Photo Information

Lance Cpl. Dylan Tinsley, Jonesboro, Ark., native and 26th Marine Expeditionary Unit chemical, biological, radiological and nuclear defense specialist, gets his vitals checked before starting his decontamination training at Fort Pickett, Va., Sept. 14, 2012. The CBRN Marines cross trained with the Army National Guard CBRN enhanced reaction force package and the Air Force to get a better understanding on how different branches conduct decontamination. This training is part of the 26th MEU's pre-deployment training program. The 26th MEU is slated to deploy in 2013.

Photo by Cpl. Kyle N. Runnels

Marines cross train with National Guard in decontamination

14 Sep 2012 | Cpl. Kyle N. Runnels 26th Marine Expeditionary Unit

The 26th Marine Expeditionary Unit chemical, biological, radiological and nuclear defense Marines conducted cross training with the Army National Guard and Air Force at Fort Pickett, Va., Sept. 14, 2012.

“Today we are out here observing the National Guard and are conducting patient decontamination,” said Chief Warrant Officer 2 Scott Myhra, Portland, Ore., native and 26th MEU CBRN officer in charge. “Cross training is important because any scenario that might come up – whether it be domestic or overseas – we would typically work in a joint environment.

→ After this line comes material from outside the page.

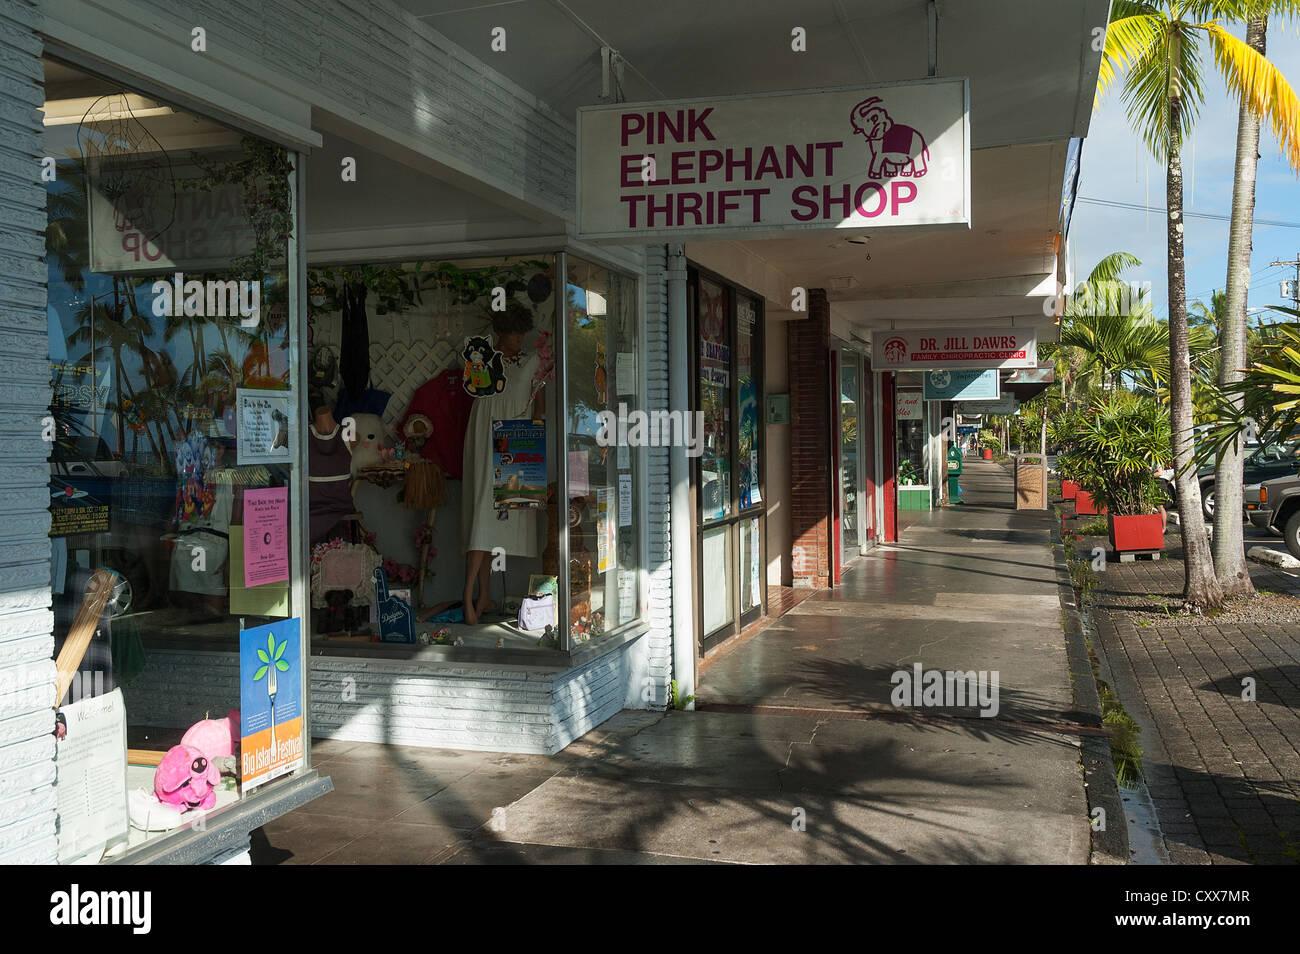 Elk284-2029 Hawaii, Hilo, downtown street scene - Stock Image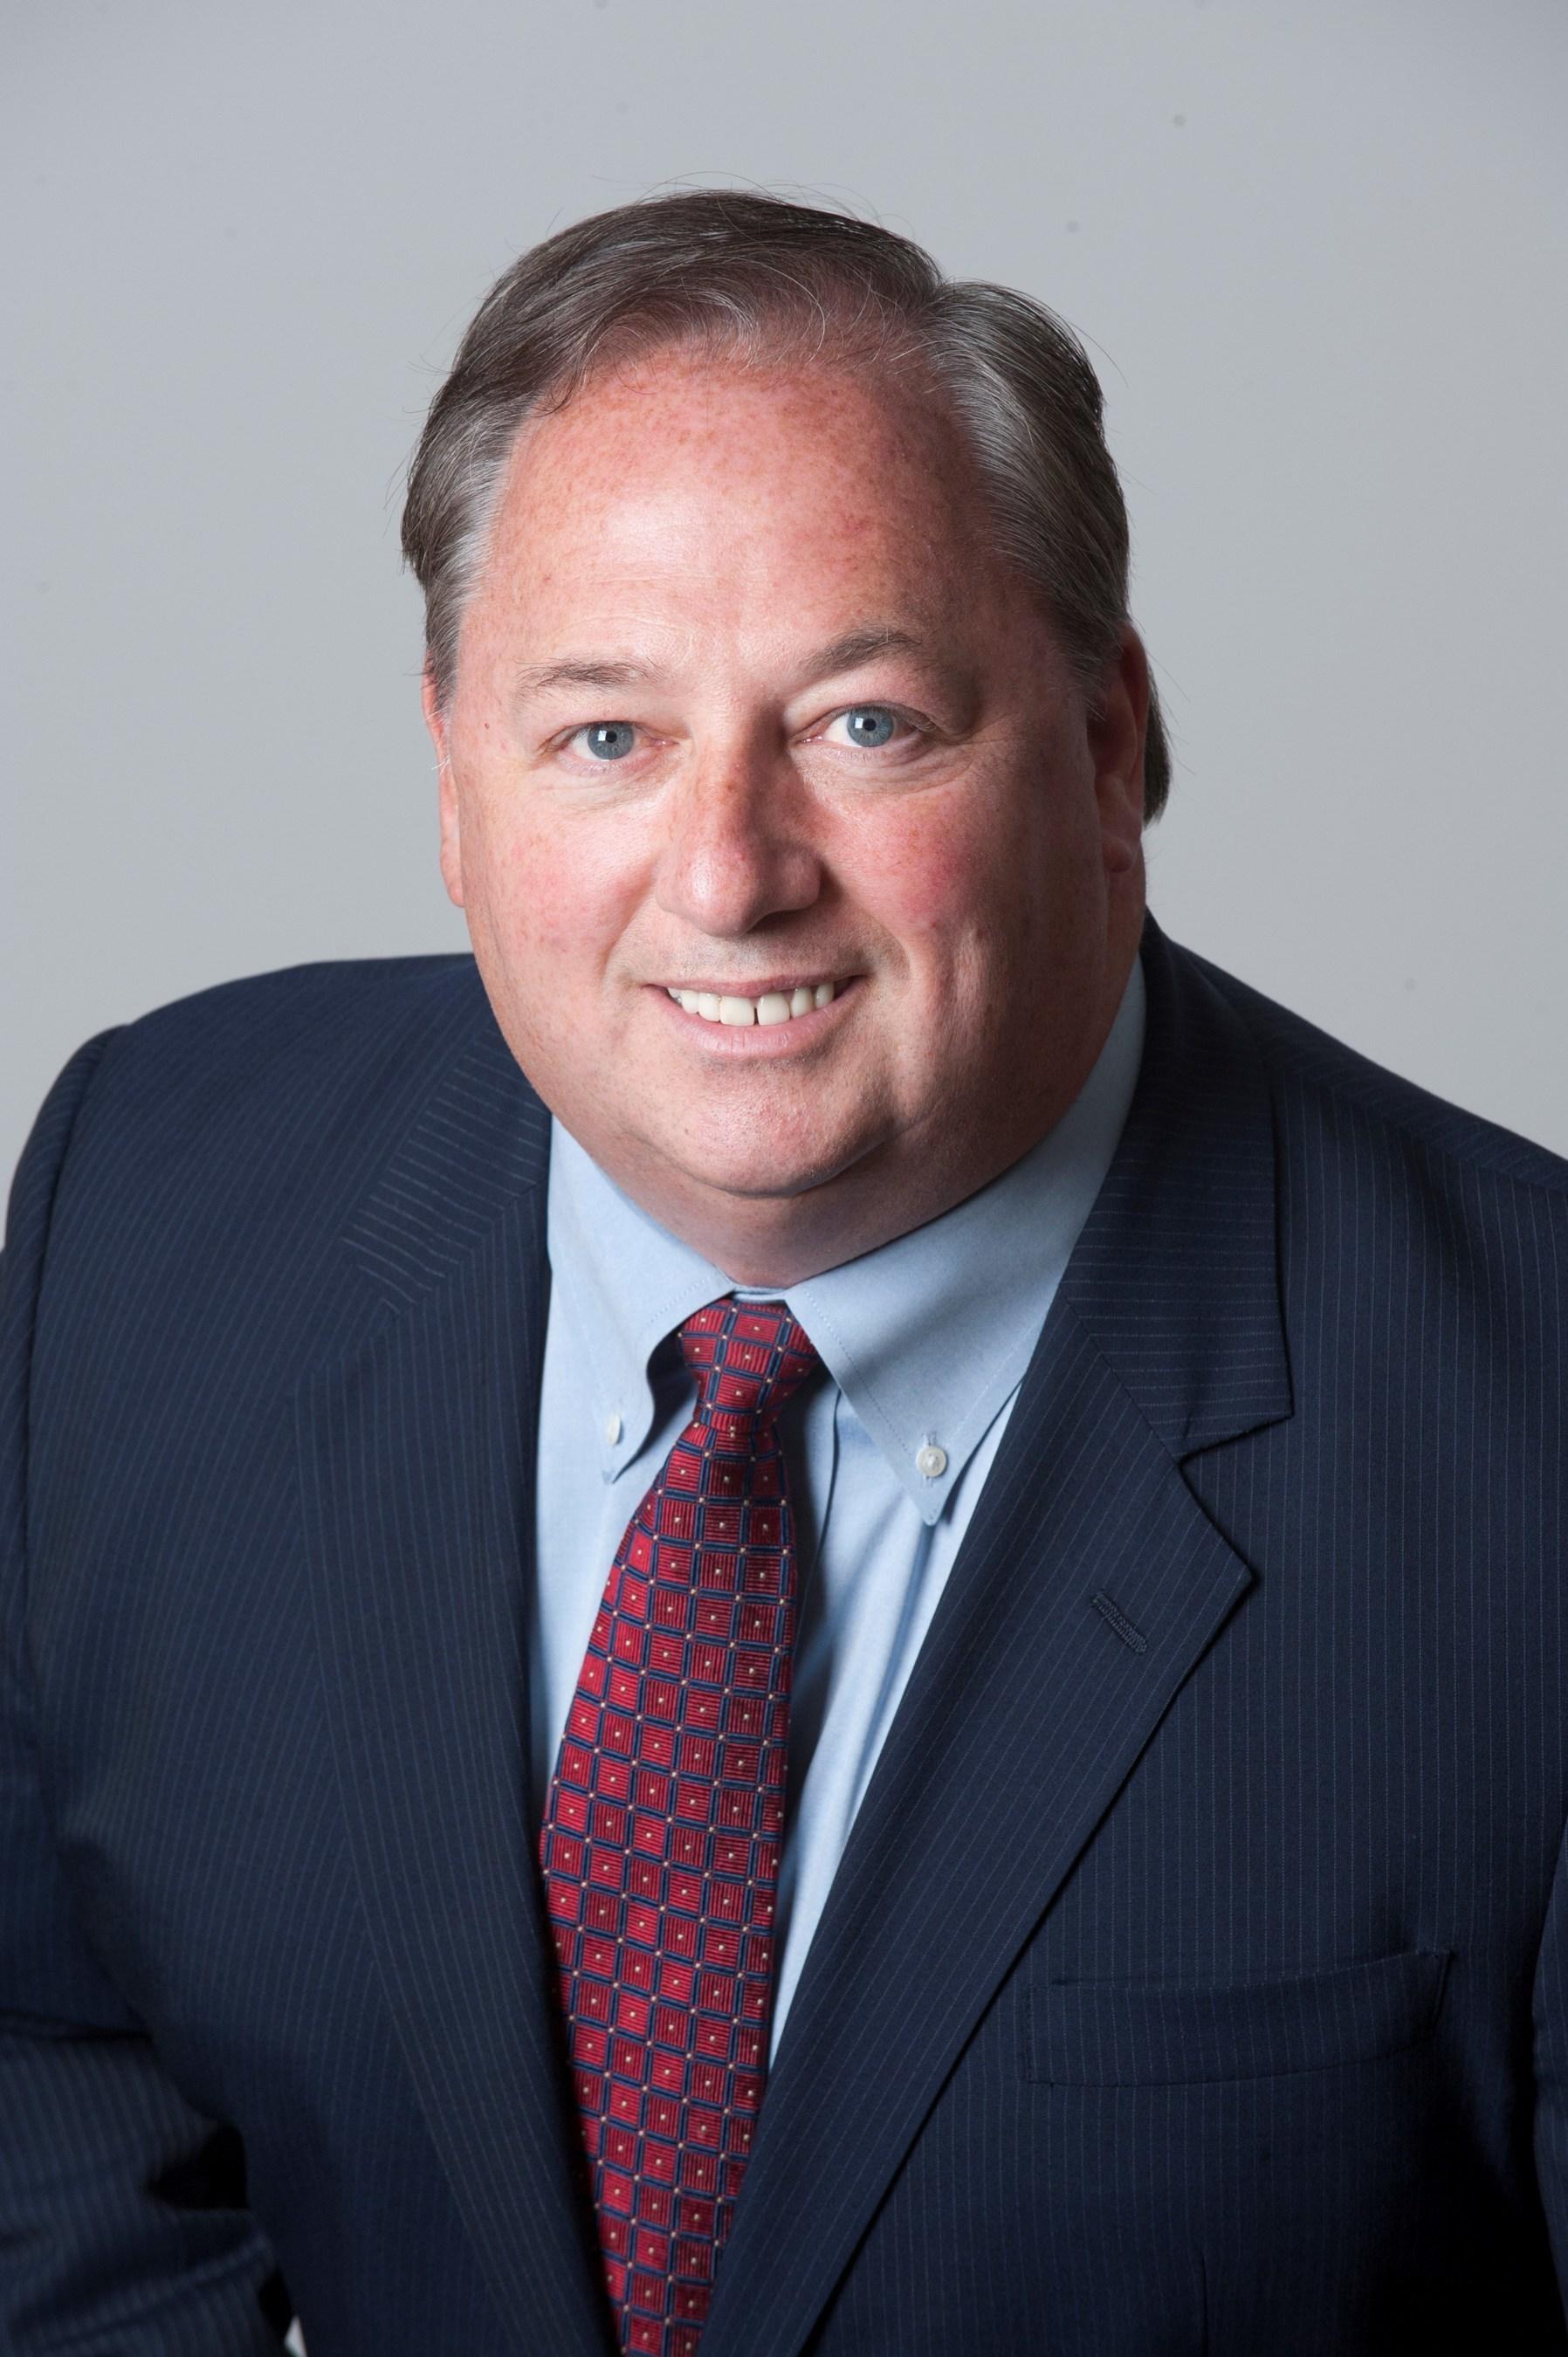 Tom Donatacci Joins Selene Finance November 30 as Executive Vice President of Business Development

It is extremely beneficial being able to see what each service’s capabilities are.”

Sgt. 1st Class Jeffrey Payne, Richmond, Va., native and CBRN enhanced response force operations sergeant, said, the more our branches work together, the more ready we’ll be in responding to a national emergency similar to the attacks on 9/11 or any other catastrophic event, either man-made or natural.

“We don’t always know who will be there first or who will be the closest in case we need to respond. Having the ability to work jointly and to understand how the others operate helps us put together a proper response and that will save lives,” said Payne.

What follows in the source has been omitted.